Lucas decides Max is never going to love him, and when he meets a nice guy – who happens to be Max’s sometime song writing collaborator – he decides to go for it with him. Of course, this is the exact moment when Max realises he’s in love with Lucas, and then promptly goes into self-sacrifice mode because he just wants Lucas to be happy, even if it’s not with him. Of course, we know Max and Lucas are meant to be (this is a romance novel!) but they don’t get together until the final couple of chapters – and by then, I’d lost interest.
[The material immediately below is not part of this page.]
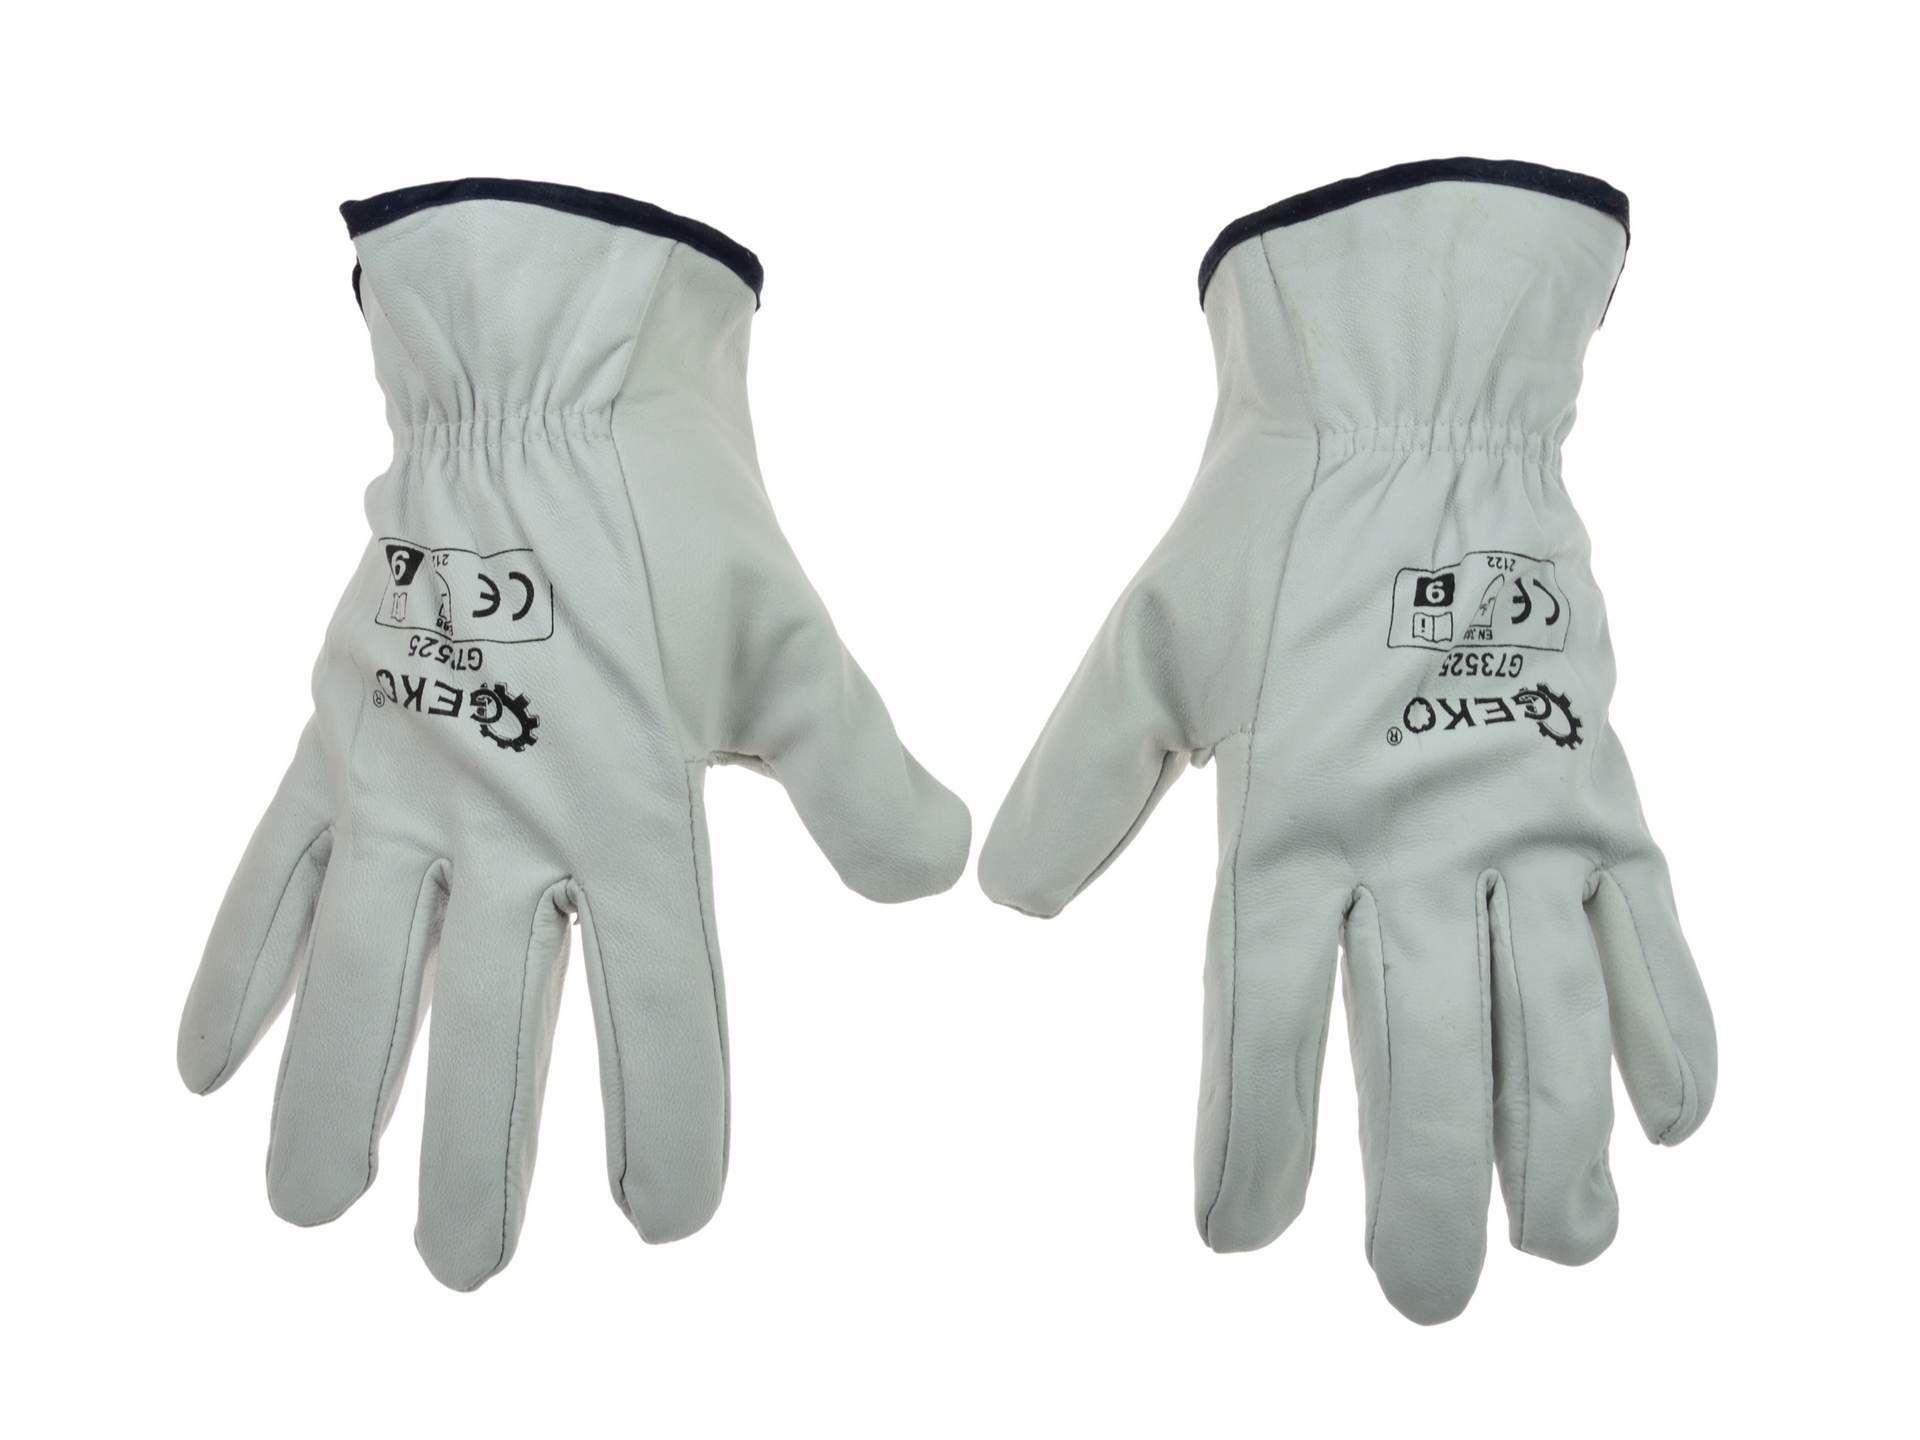 Pracovní kožené rukavice, vel. 9 GEKO

We’re not given any information about how Max has achieved the level of fame he has, and there is no frame of reference for it. We know he’s a big star because he’s on a year-long world tour, playing all the big venues (five nights at Madison Square Garden, etc. etc.) and at one point we’re told he’s chatting with Harry Styles and Ed Sheeran – is that the level of fame we’re meant to infer? It’s not made clear. And there’s a really big suspension of belief needed to buy the idea of inviting a little-known contemporary dance group onto a worldwide stadium tour.

Also, I don’t know if the author is British, but the characters are. Max and Lucas are originally from Brighton, so the Americanisms (elevator, candy, resume, fall etc.) are really jarring.

Joel Leslie is someone I know I can always rely on to deliver a strongly-characterised and expertly differentiated performance, and he does exactly that here. Lucas and Max are easy to tell apart by virtue of a difference in pitch, and the accents adopted for some of the secondary characters – scouse for Lucas’ bestie, Sophia, Northern Irish for Max’s bestie, Jake – are well done and consistent throughout. At this point, I would usually be talking about how good Mr. Leslie is at bringing out the characters’ emotions – but the trouble is that there’s not much in the text for him to actually emote. There’s no real humour in the story and the only emotional highs and lows happen near the end; most of the time, the story is just chugging along on an even keel so there’s nothing for Mr. Leslie to really exercise his acting chops on!

And finally. To keep the dialogue sounding contemporary, the author peppers it with ‘like’s and ‘y’know’s and ‘right?’s – as in ‘I went to the, like, bus stop, but the bus didn’t come, y’know?’ or ‘I went to the bus stop, right?’ (not actual quotes!) but the trouble is that while, in print, my eyes would probably just gloss over those words and phrases, in audio they’re incredibly repetitive and they stick out like sore thumbs. I know the generally accepted wisdom is to record an audiobook word for word, but this one could have done with a bit of editing beforehand to remove a load of those likes, y’knows and rights, to make it less grating to listen to.

Here’s an actual example – Max has asked Lucas if the group will come on tour with him and his band:

“I mean… you’re joking, right?”

“Why would I be joking?”

“Just– you realise that we haven’t just been waiting around for you to, like, uproot our lives, right?”

Sometimes, less really IS more.

The majority of the reviews on Amazon and Goodreads disagree with my assessment, but You’re My Beat was a disappointment. There’s no chemistry between the leads, the romance is almost non-existent and the repetition of certain words and phrases were like nails down a blackboard as the hours mounted up. I might try another book by Zarah Detand, but as this is (so far) her only audiobook, it’ll have to be in print.